Your Feb. 11 editorial “Killer kitties” was unbelievable. It stopped just short of calling for the total destruction of the local rat patrol.
I like the sound of crickets on a summer night. Maybe we should kill all of the birds that eat crickets.
Cats kill other animals besides birds: mice, rats, shrews, ground moles, and other destructive rodents that we put out poisons to try to kill.
Feral cats are wild predators looking for a meal, no different from hawks, snakes, raccoons, and other animals who also eat birds.
I feel much more comfortable seeing a cat walking through my backyard than a rat.
Cats leaving wildlife alone
My wife and I have had cats off and on for well over 50 years. I have never considered any of them as threats to local wildlife.
I look out my back door — as do our two kitties — and see squirrels, bunnies, birds of all types, and the occasional chipmunk. There has been a flock of robins feeding from berry trees across the street. I have yet to see any cats — feral or otherwise — stalking our red-breasted friends.
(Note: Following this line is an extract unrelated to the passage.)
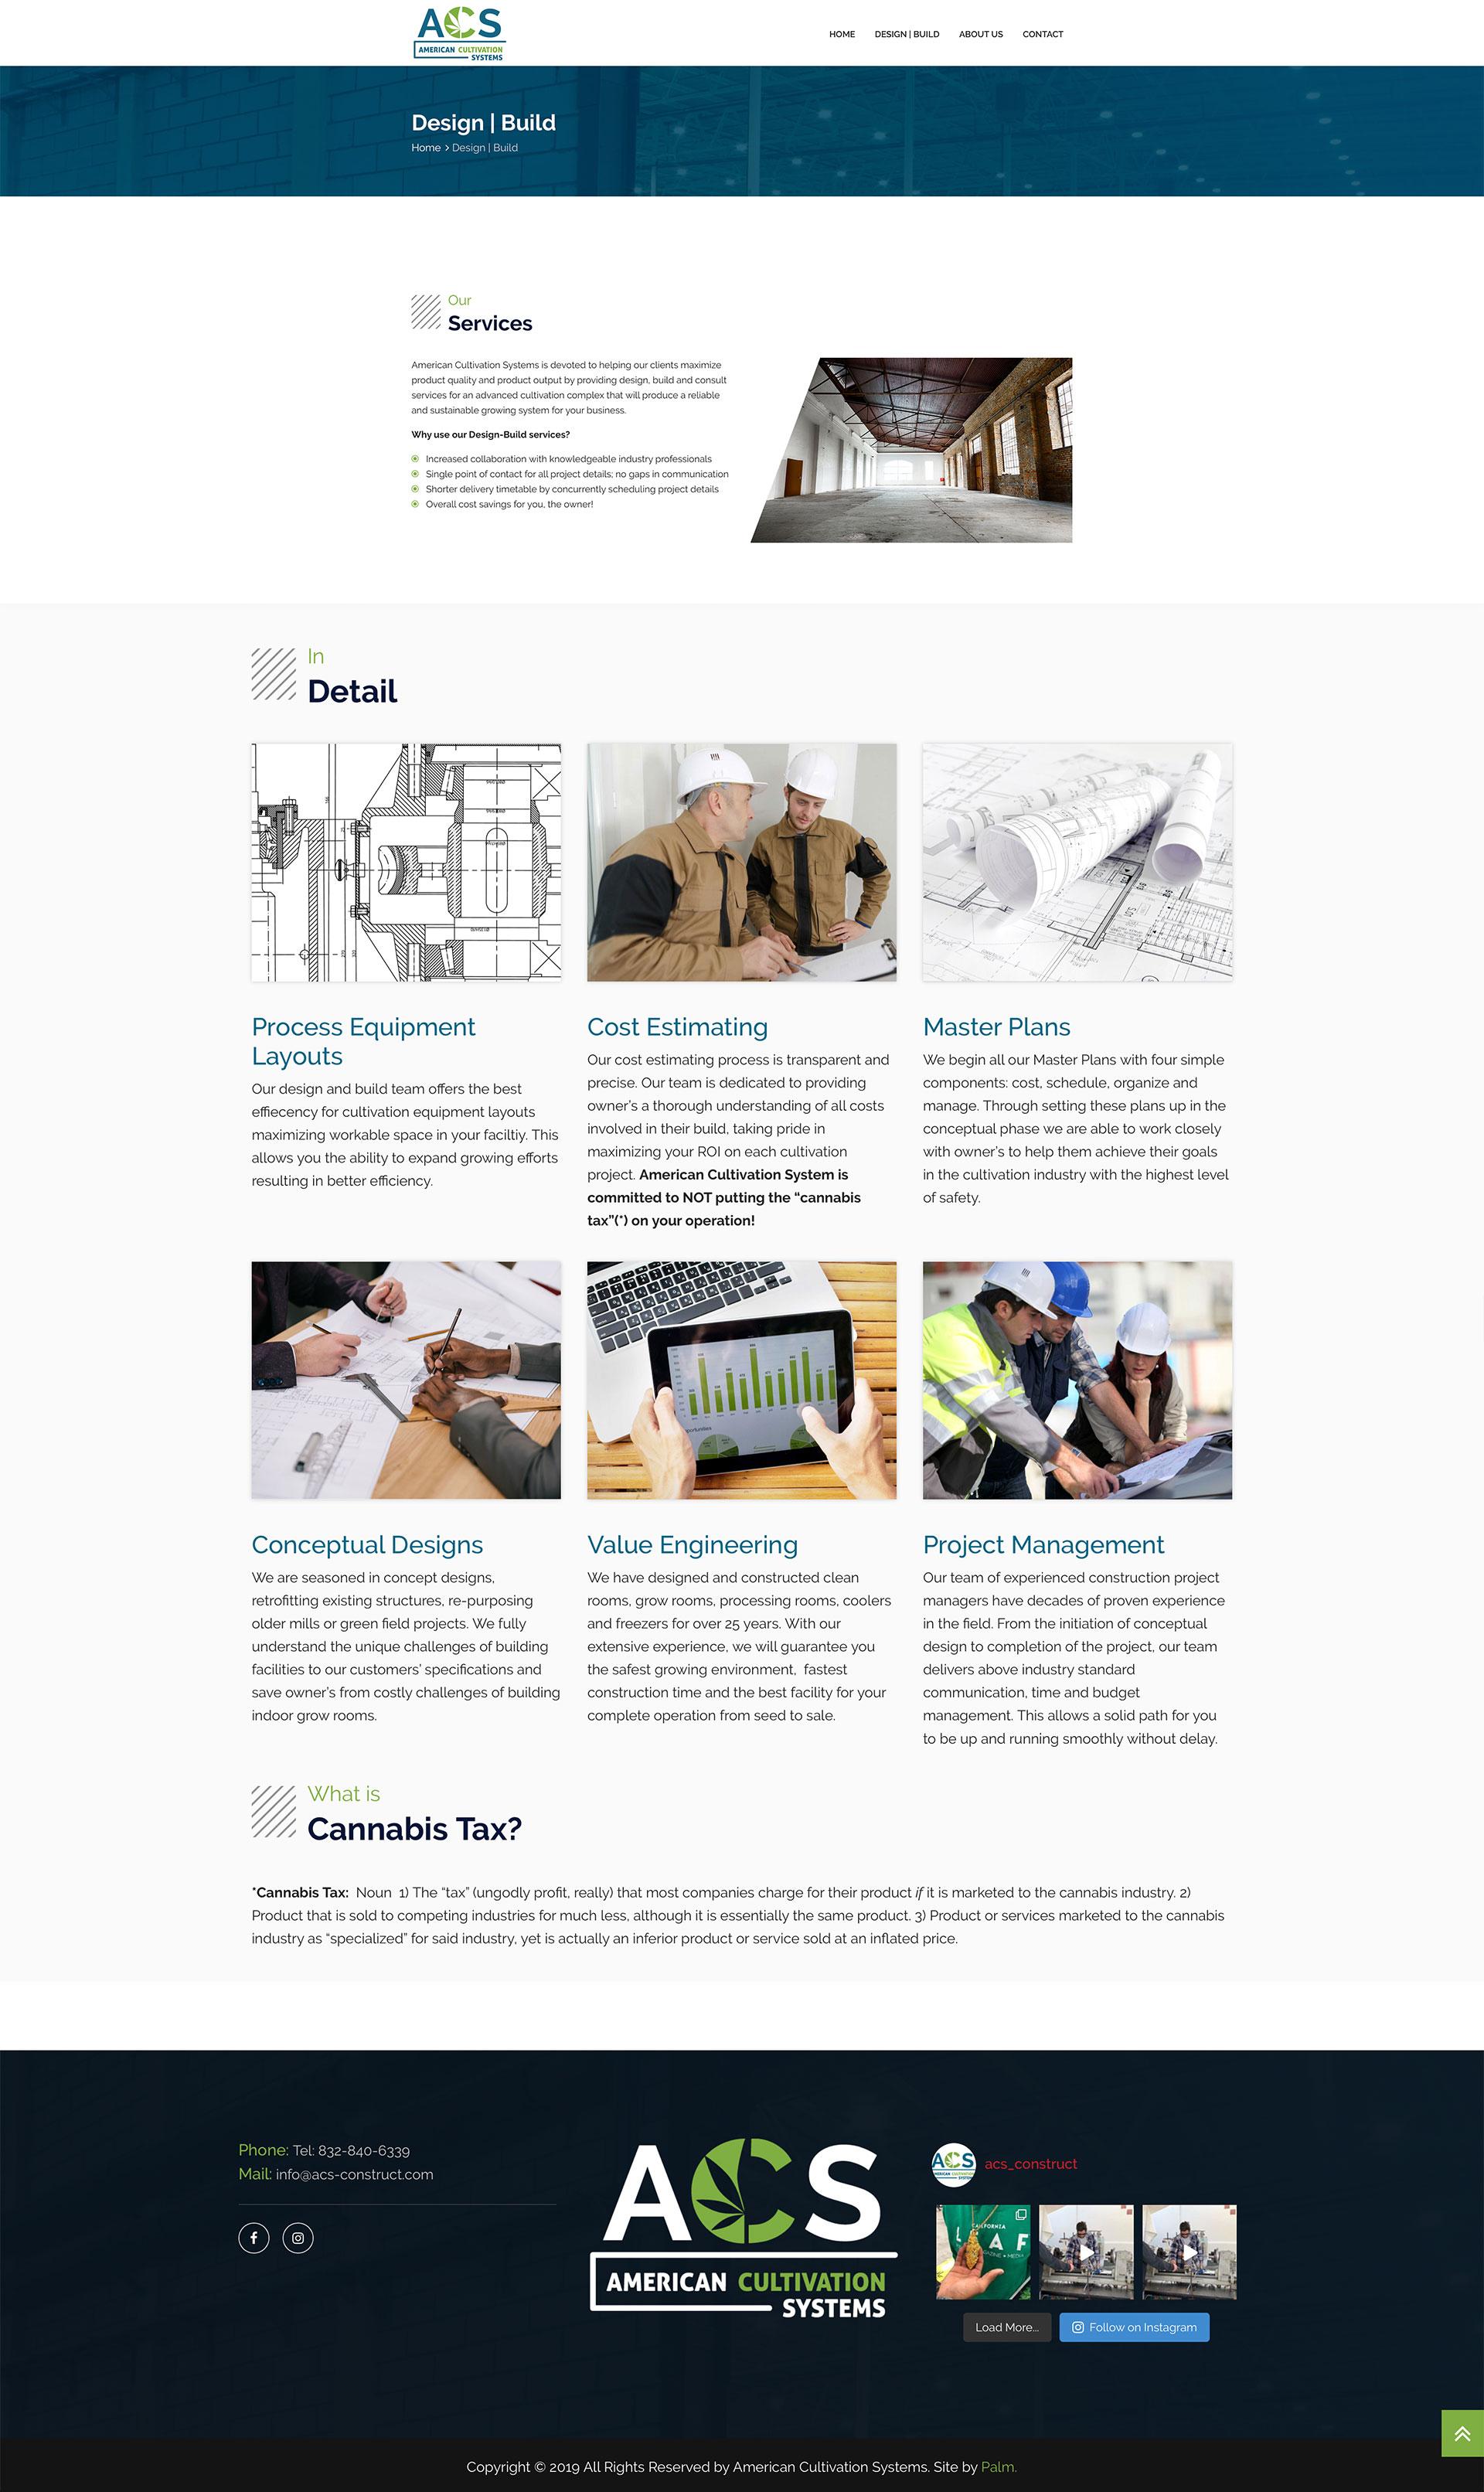 ACS-Web-Mockup-DESIGNBUILD

Those who saved man at Y lauded
Highest praise goes to the lifeguards and other staff members at the West Toledo YMCA, and to the emergency medical service personnel who attended to a man who was unconscious in the Y’s swimming pool and saved his life (“Man pulled from water at YMCA will survive,” Feb. 13). These quiet heroes deserve recognition.
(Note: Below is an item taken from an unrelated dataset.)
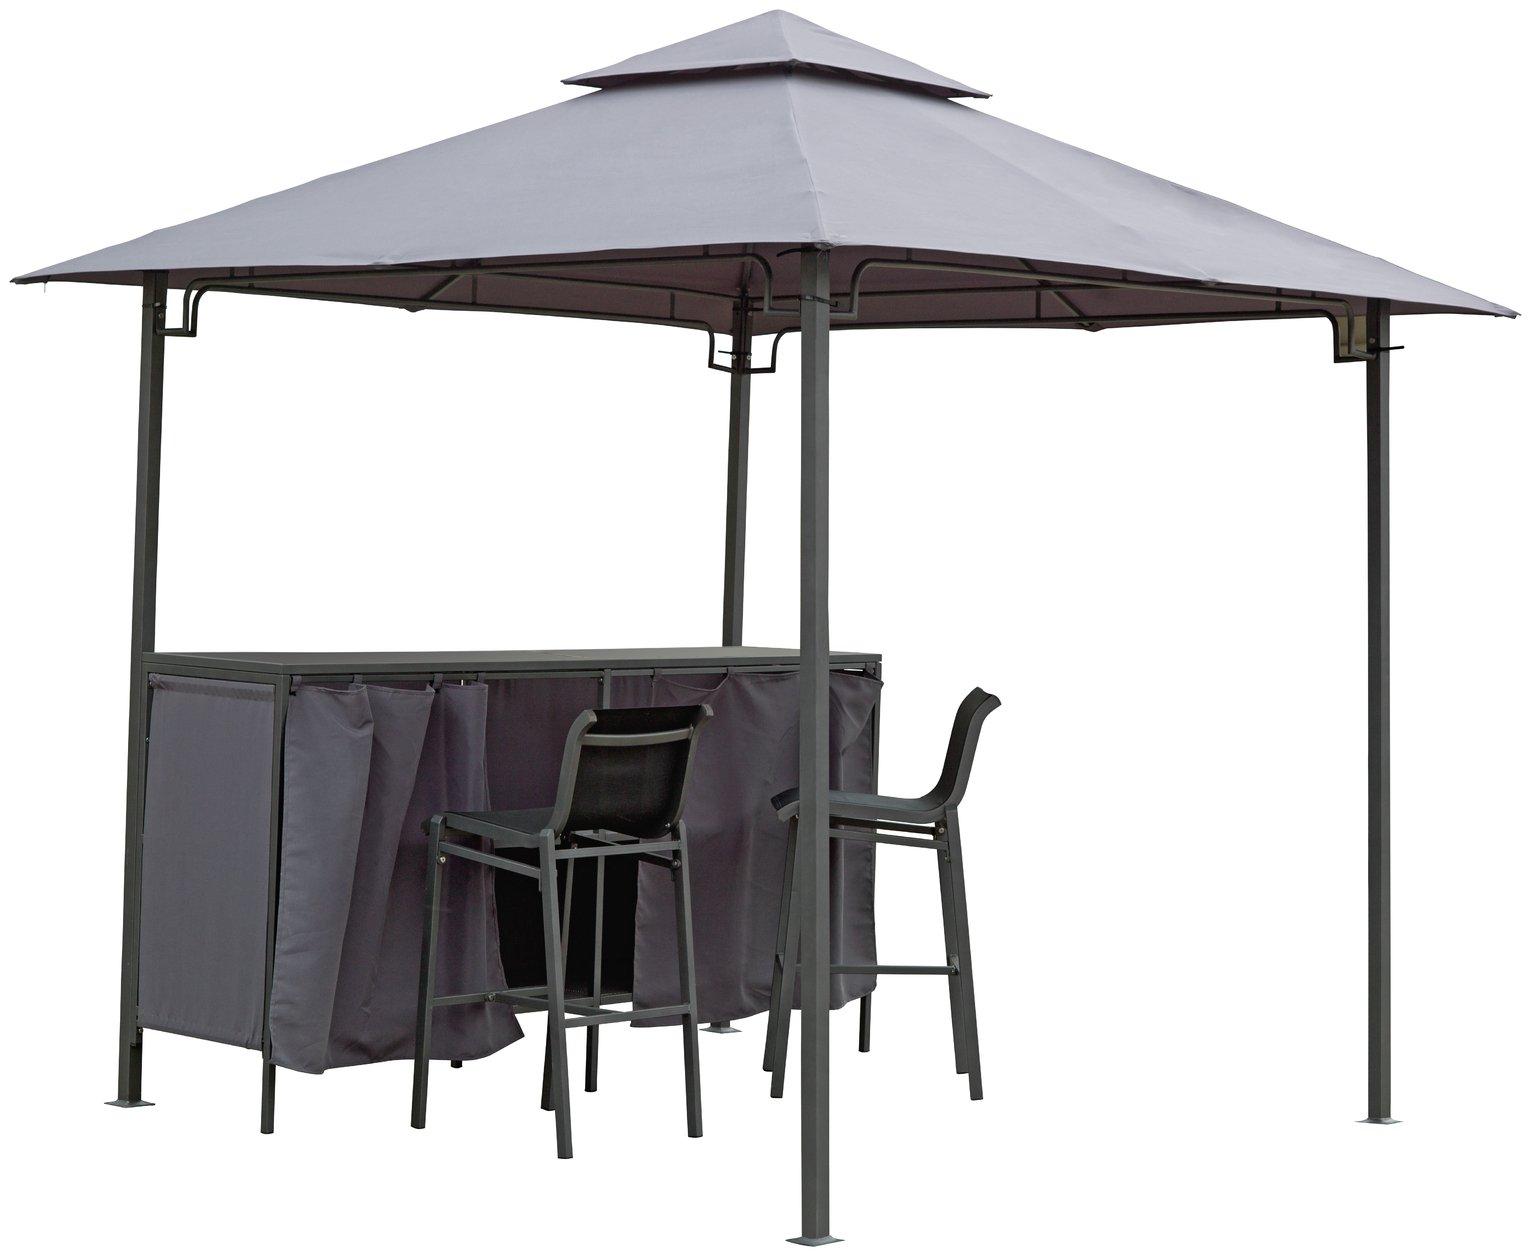 portable chairs argos brown club chair garden table sets dining patio home bar gazebo set

ODOT worker should get award
Kudos to George Seambos for his alert observation and quick action (“Wrong-way driver diverted by snowplow; ODOT employee’s actions on U.S. 23 praised by police,” Feb. 2).
He saved God knows how many lives by stopping a 65-year old motorist who was driving on the wrong side of U.S. 23 in Sylvania.
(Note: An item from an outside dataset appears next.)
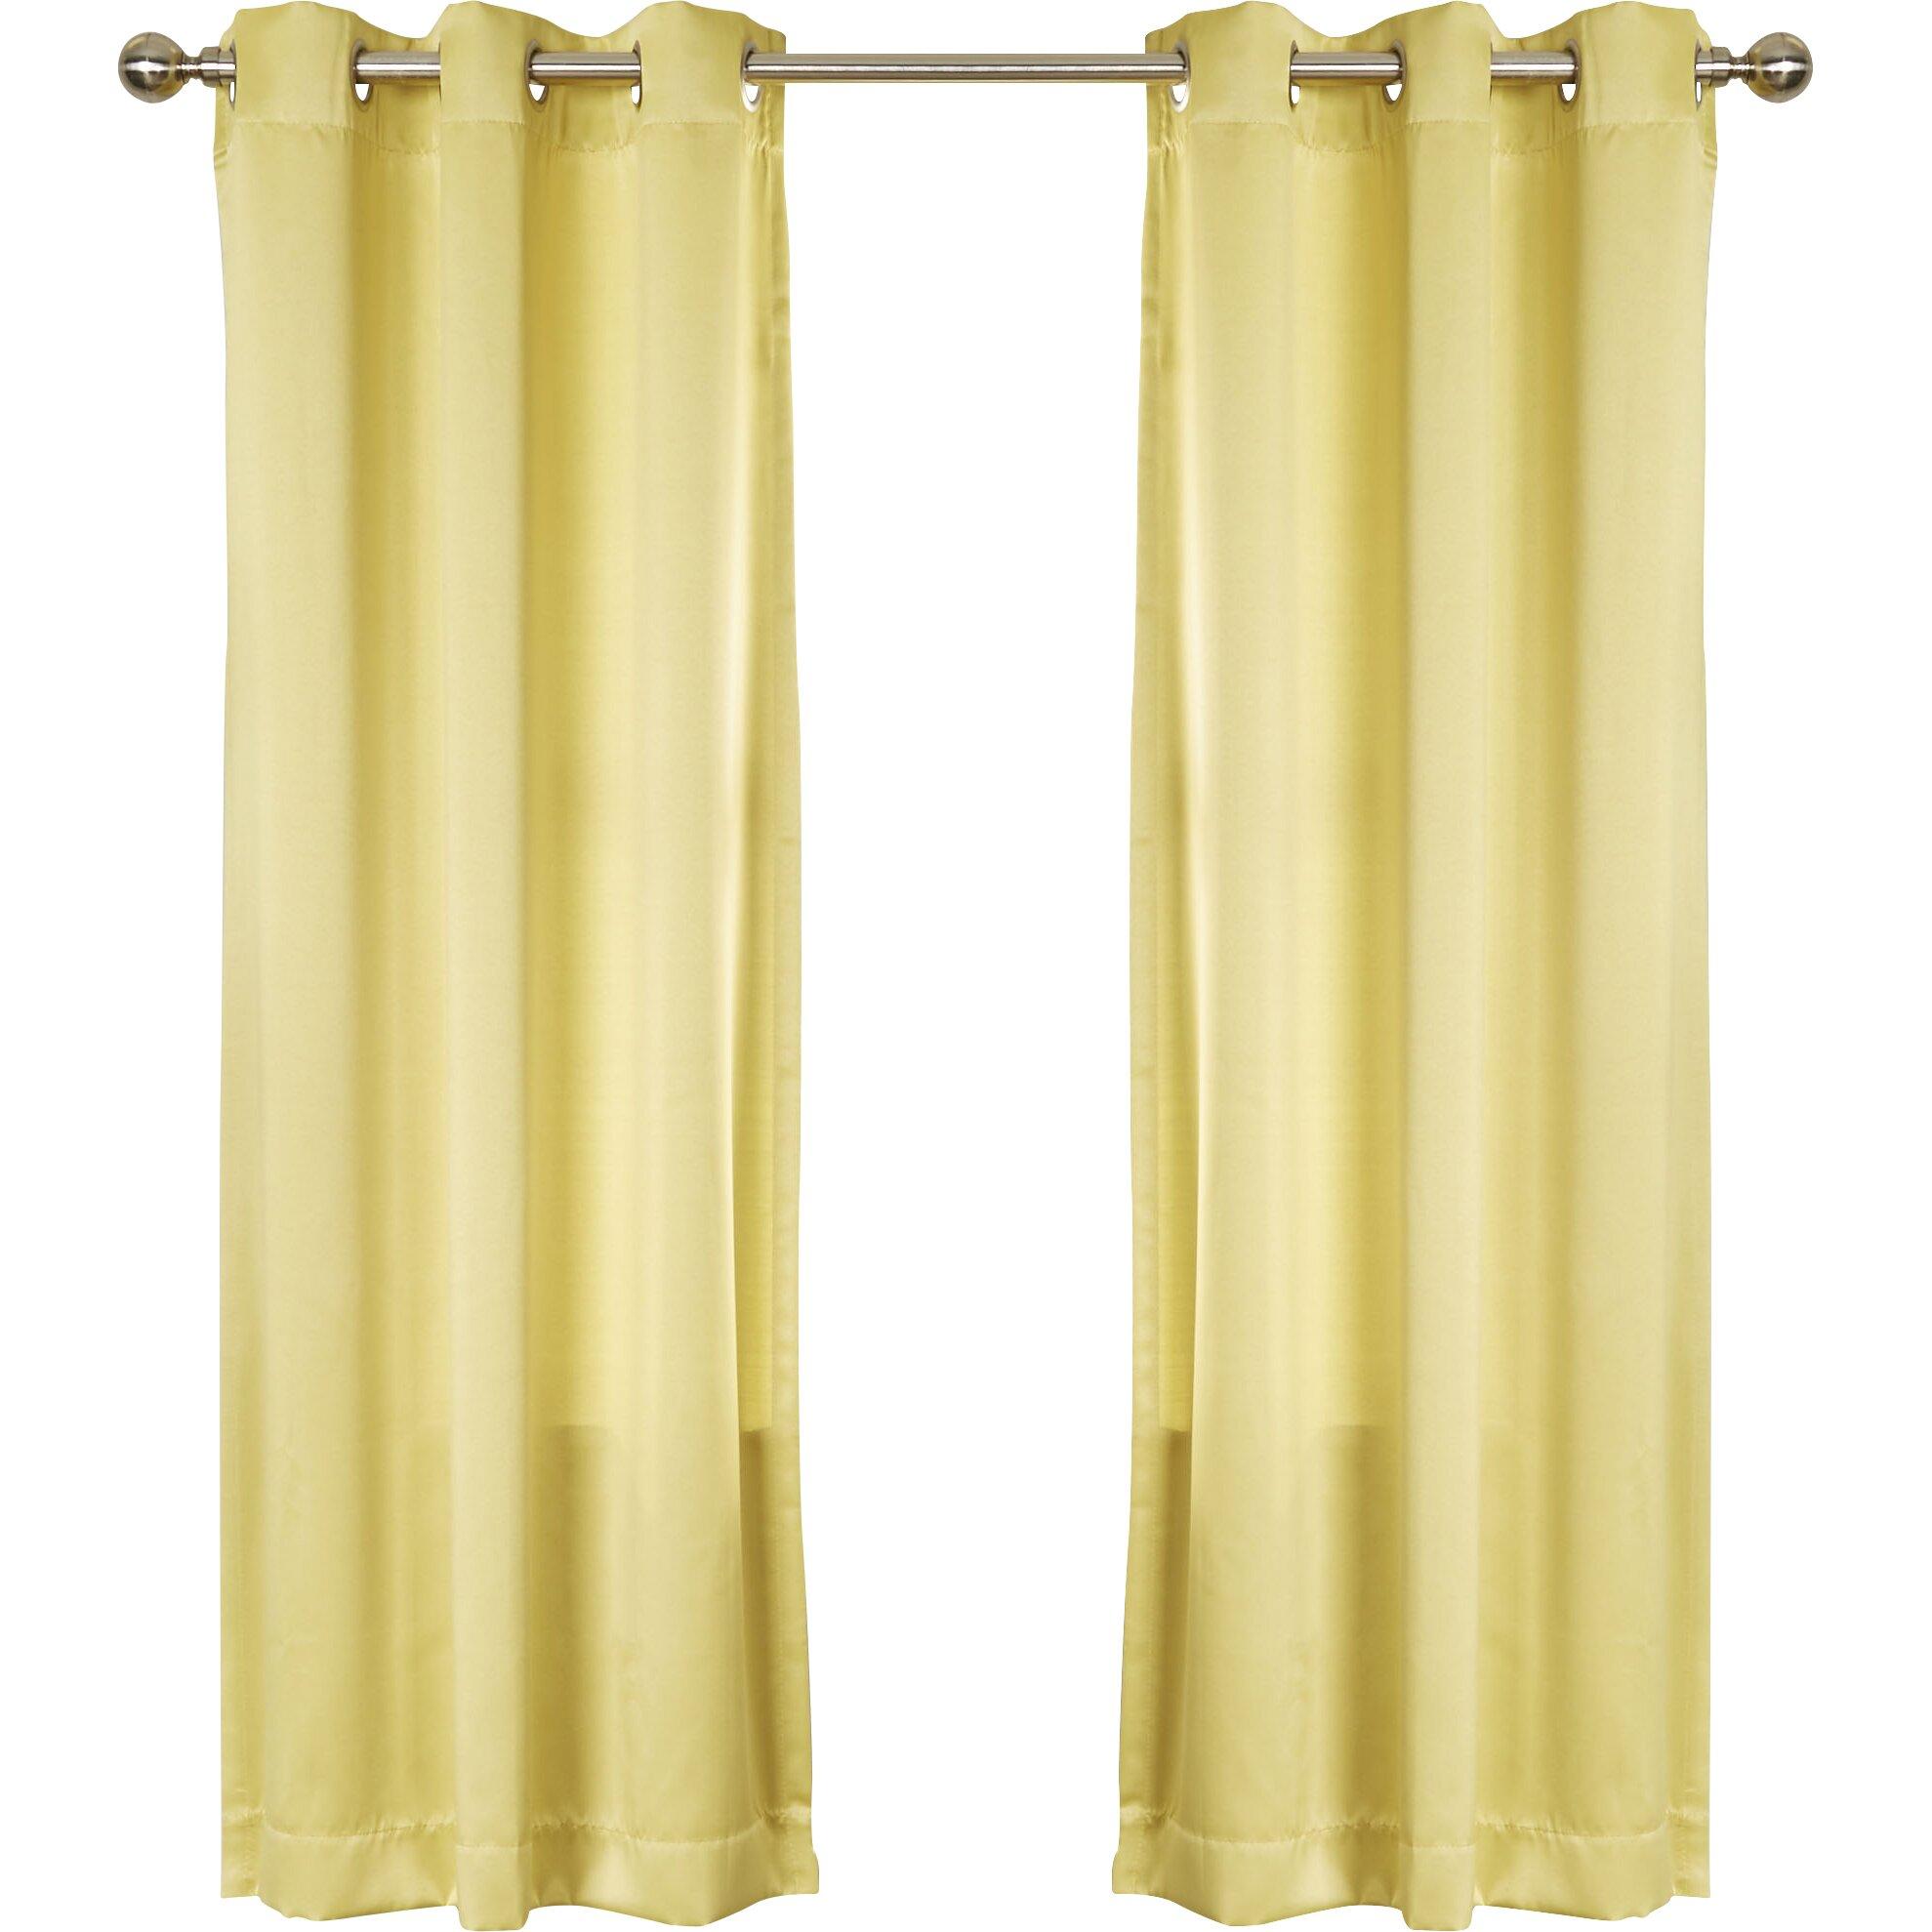 Wayfair Basics Wayfair Basics Grommet Single Curtain Panel

Mr. Seambos’ story should be planted in every lawmaker’s office in Washington, to teach them a lesson. His deed is a reminder to the partisan politicians who are drunk on their hubris and hell-bent on taking our country the wrong way.
Dog warden, zoo letter repulsive
I found the Feb. 5 Readers’ Forum letter “Dog warden, zoo can help each other,” proposing a synergistic relationship between the Toledo Zoo and the Lucas County Dog Warden’s office, repulsive.
I hope the writer never finds himself homeless. His next meal may be zebra or dachshund.